That did start her crying again. She turned back against him, trying to hide her face from the world. “I haven’t,” she sobbed into his chest. “I haven’t done anything, I came here because he said that they would kill you all if I didn’t, and then everyone came here because of me and it was all my fault that they were killed or hurt, and everything I do helps them, and -“

“Fuck that,” a familiar voice snarled. Someone grabbed her by the shoulder and spun her round, dragging her away from Sora and making her squeak. It was Grimmjow. “Look, girl, I did not come here to hear you bitch about Aizen. If I wanted to hear people bitch about Aizen, I could just sit down with this load of morons and have my ears full of it.”

“Yeah, we all know what his ears are full of,” Ikkaku remarked aside to Yumichika.

“Right now I need some healing.

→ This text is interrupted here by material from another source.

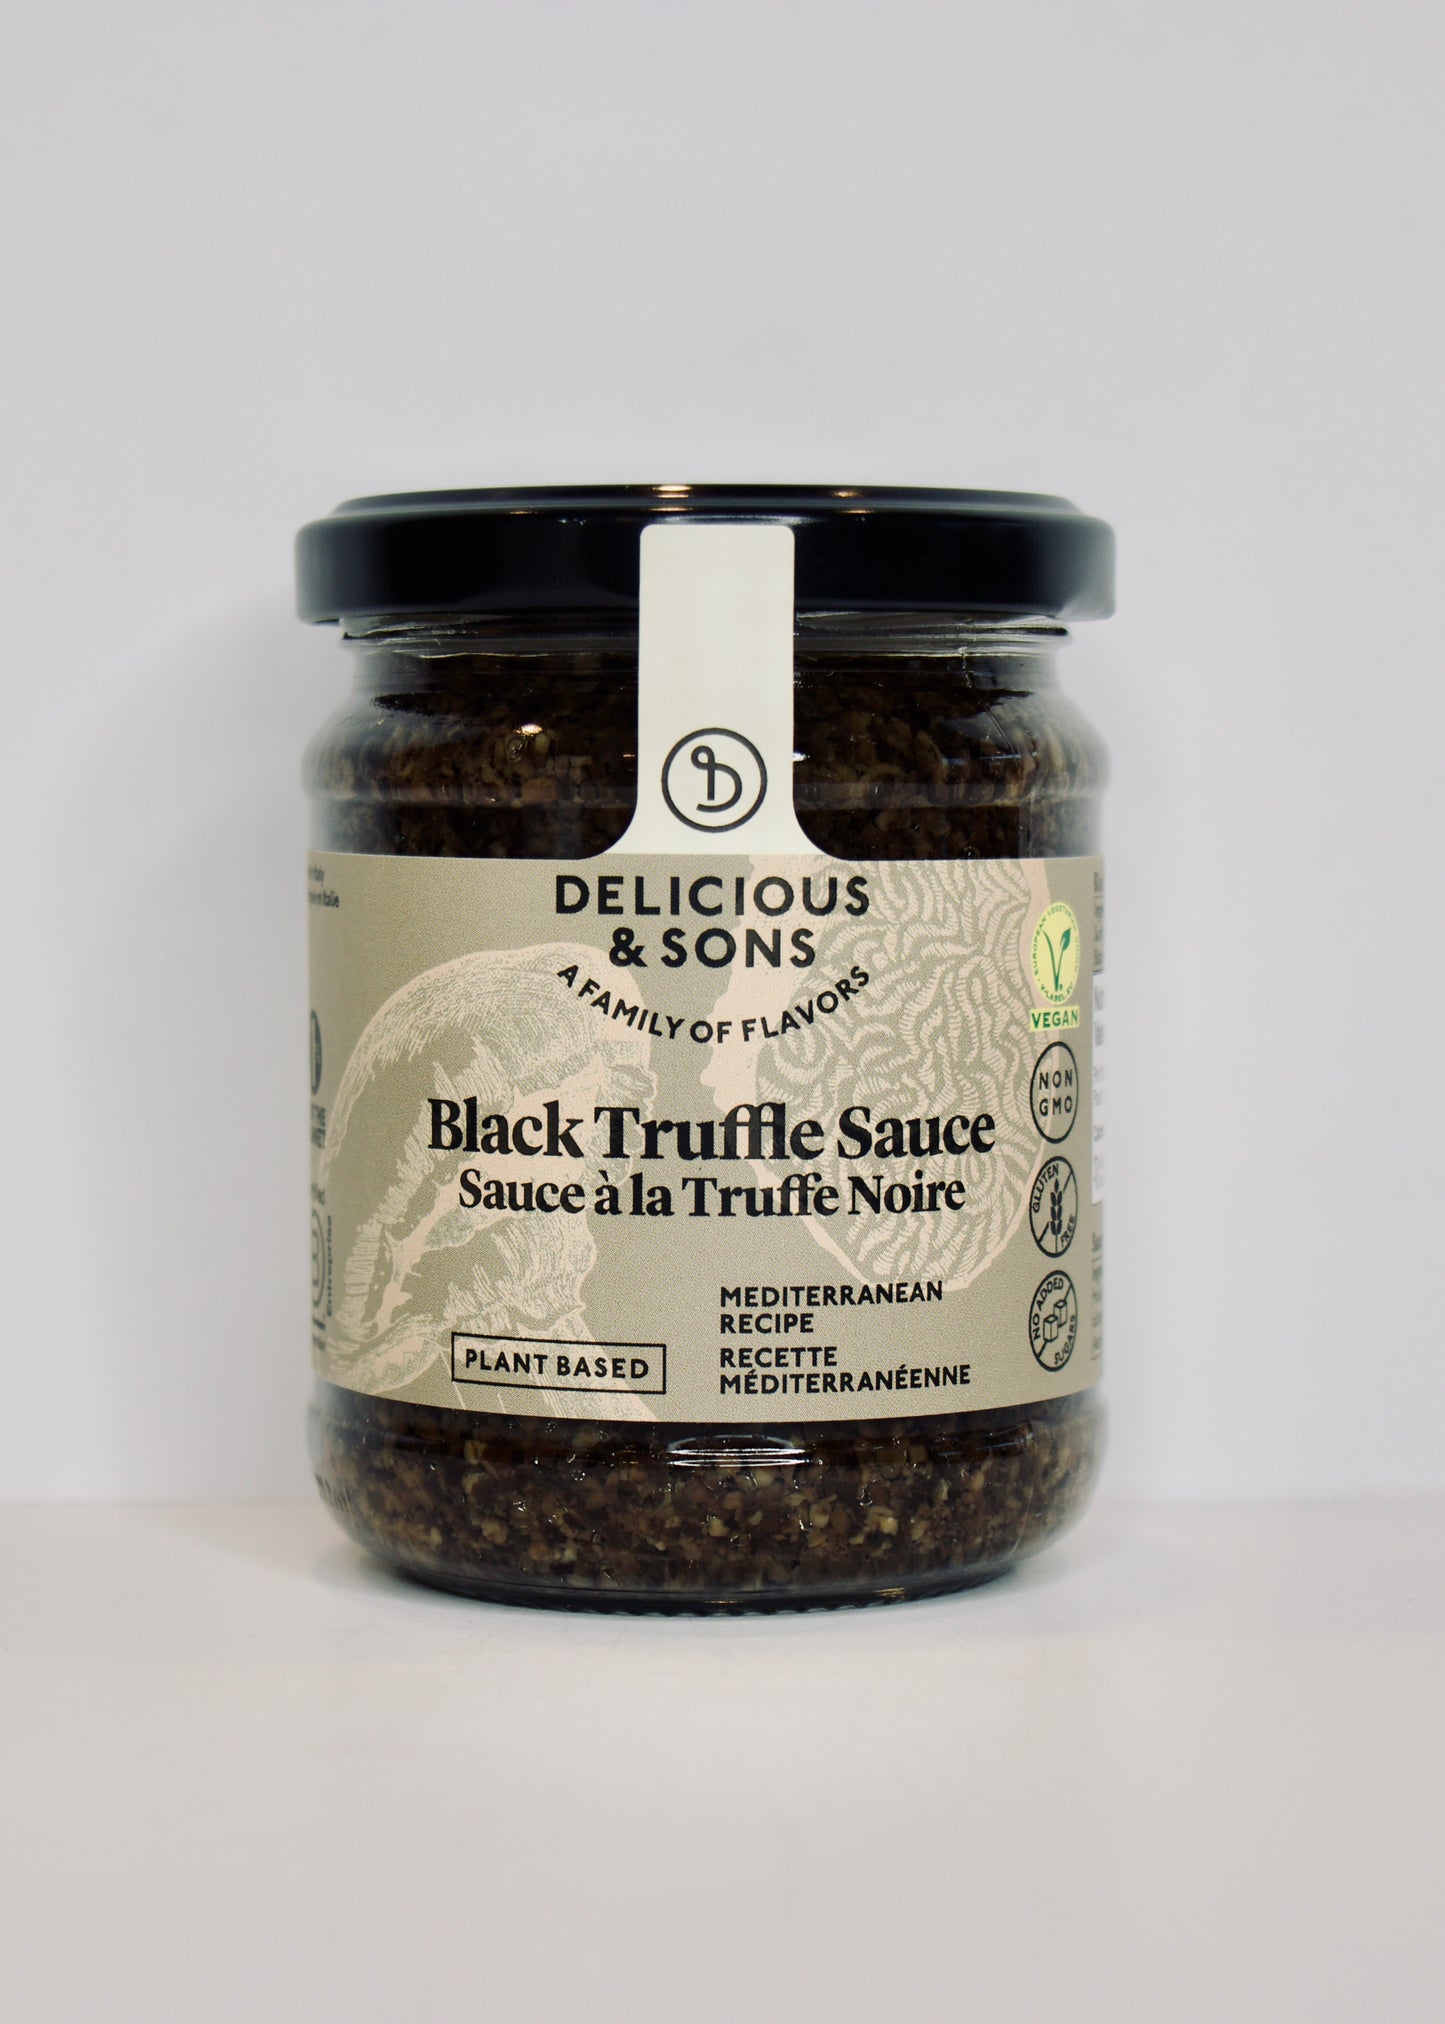 Delicious & Sons Black Truffle Sauce 6.35 oz

Look at me.” Grimmjow shook her by the shoulder he was holding. “I mean, what the fuck, that bitch managed to cut me before she went down, and I want some patching up before I get some of my own back against Kurosaki or Aizen.”

Orihime blinked at his wide chest. It was streaked with blood from a long shallow slash. But there was something missing. “You haven’t got a hole,” she said in wonder.

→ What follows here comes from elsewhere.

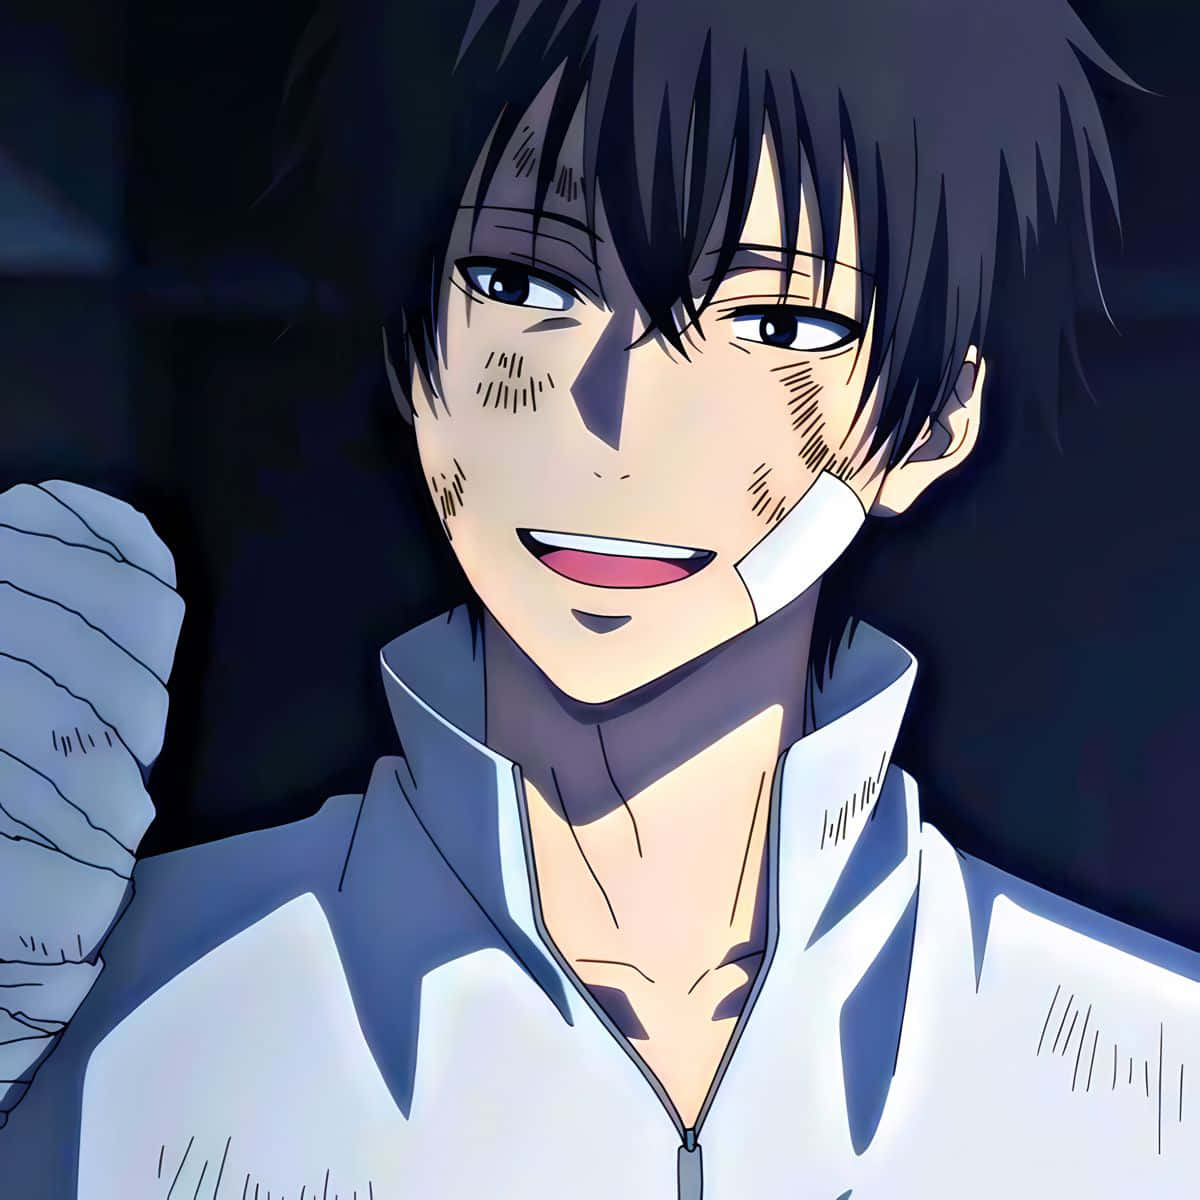 Smiling Anime Boy With Bandage Pfp Wallpaper

Grimmjow made a noise between his teeth like a tiger exploding if it had been coupled up with a steam boiler. Probably the nozzle would have to go in at the mouth. “No. I. Have. Not. FUCKING. GOT. A HOLE. And you know why, girl? It’s because you fucking did it to me!”

“I cleansed you?” she said slowly.

“You did this to me!” He slammed his free hand against his stomach in a way that reminded her of how the boys at school used to punch each other in the stomach to show how manly they were. “Just look at it!”

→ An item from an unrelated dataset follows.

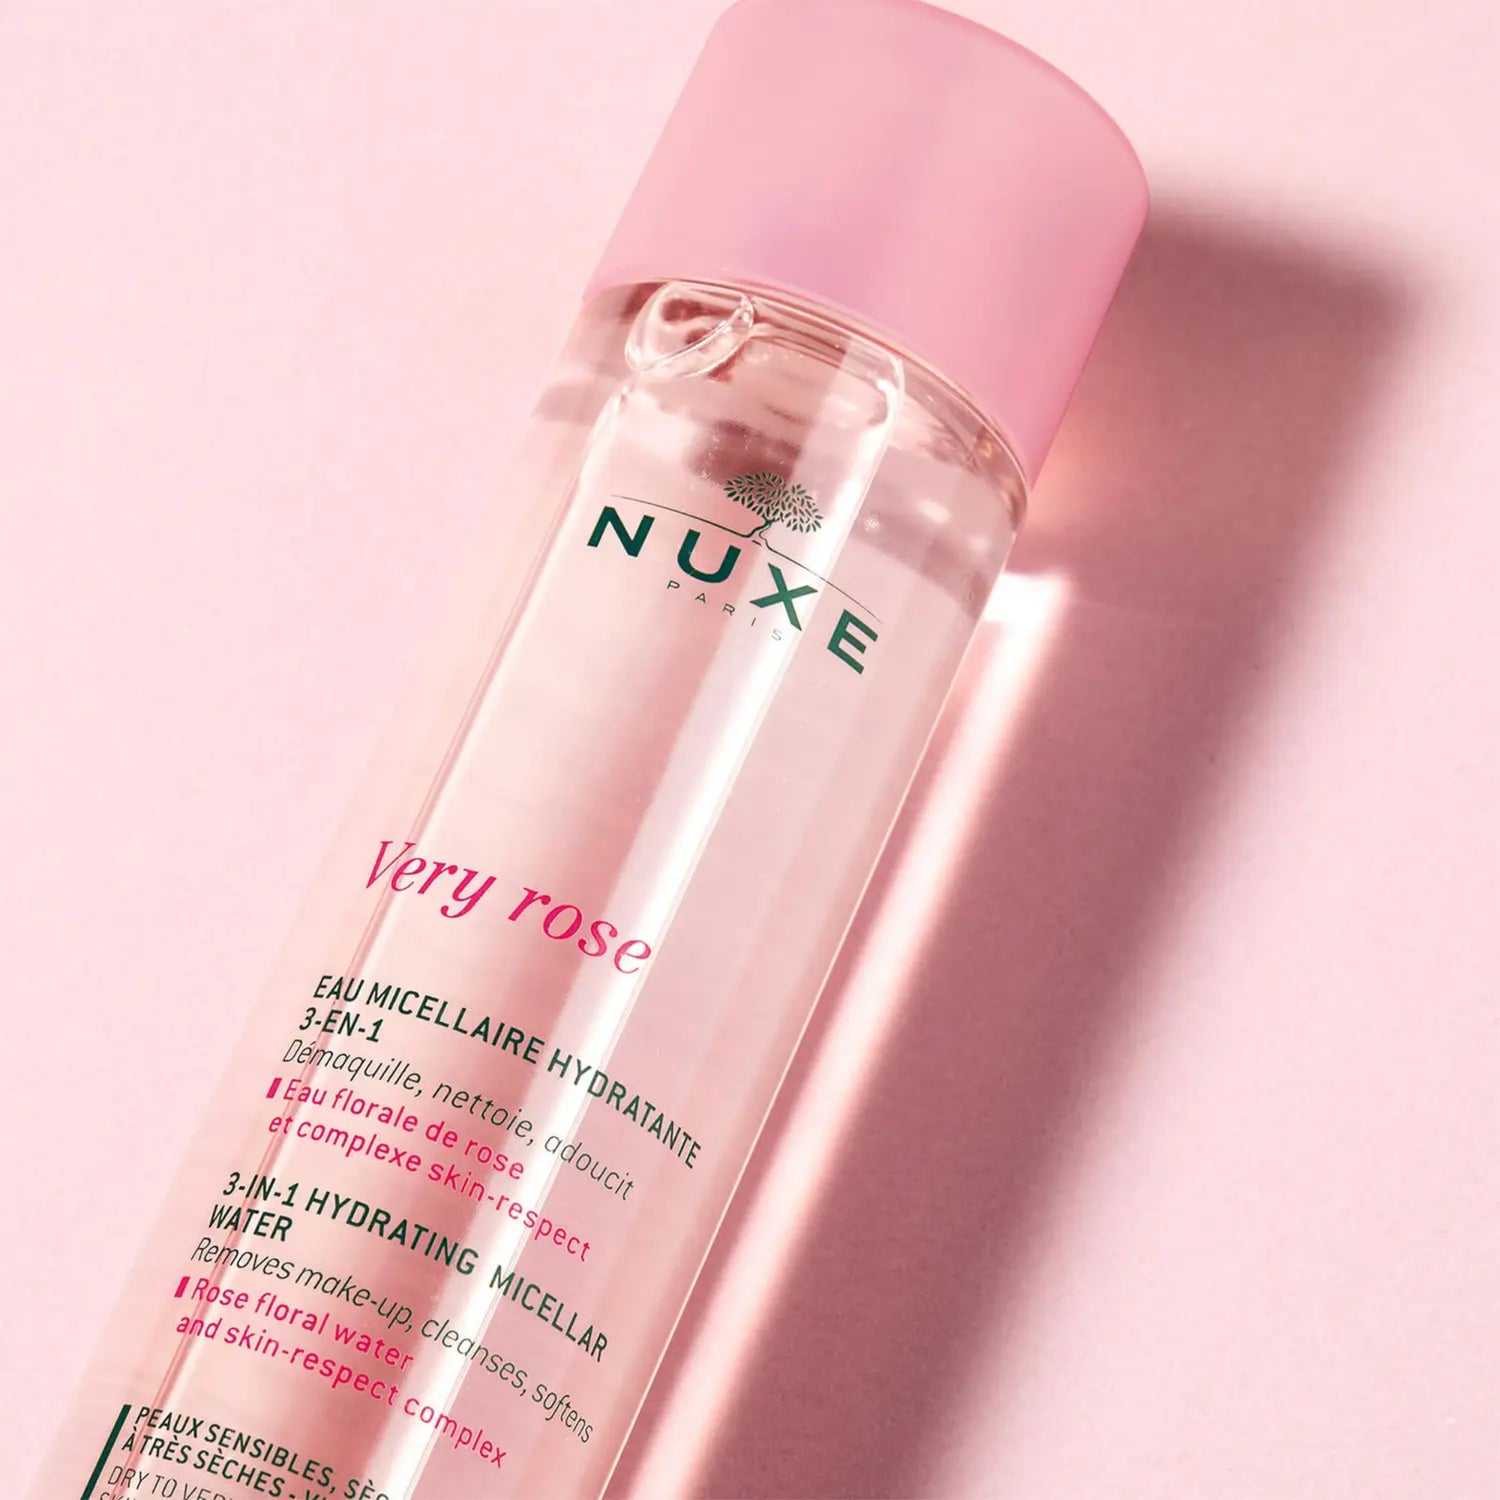 Nuxe - Very Rose - Agua Desmaquillante Micelar  200 ml - ebeauty

“You let go of my sister!” Sora declared angrily.

“Not till she’s fixed me,” Grimmjow snarled back.

“Fixed you how?” Orihime said timidly. She scrubbed at her eyes with one white sleeve. “I mean, I’m not sure I can un-cleanse you, and even if you want me to, wouldn’t that mean you’d just go and try to kill us all over again? I don’t think it would be very sensible of me to do that?”

Grimmjow’s face twisted into an even more ferocious scowl. Pointy teeth showed. Finally, he said, “Fix this fucking wound, of course. What did you think I meant?”

“Oh!” Orihime was greatly relieved. “I had completely the wrong impression, I’m so very sorry. Please just stand there a moment while I fix it, and then I’ll see to everyone else. I’m very sorry, you should have said that you wanted me to help.”

Small tasks. Little steps. If she looked at it that way, then perhaps she could make herself walk along the path back into danger without actually thinking about it.

“Orihime-chan, it’ll only be for a little while -“ Sora began, but then Ikkaku said something to him and the two of them began to talk quietly in the corner (Ikkaku had pulled Sora over there) and Orihime was too busy concentrating on rejecting Grimmjow’s wound to listen.

She couldn’t help being very proud of how her brother had become a shinigami and was on this mission. She’d tell him so, once they had a moment to themselves.

“I don’t mind her healing me,” said Pagally, looking rather smug. “It’s not as if she’s a shinigami, after all.” She bit back an so she won’t do anything horrible to me but Orihime couldn’t help hearing it.

“Keep on working while I brief you,” Ise said. She looked at Orihime assessingly. “You can heal while listening to me, I think?”

Orihime nodded. “For something like this, certainly. I mean, it’s nothing too serious. For serious stuff I would have to focus harder. What - what are we going to do next?”

“What we’re going to ‘do’ is Aizen, right?” Grimmjow snarled.

“Technically yes,” Ise said. “In practice, by degrees. First we need to enter his private laboratories.” She must have seen Orihime’s face go pale. Orihime was sure that everyone in the room could see it. “We think some Captains are prisoners there,” she went on. “If we can free them, we will be that much stronger.”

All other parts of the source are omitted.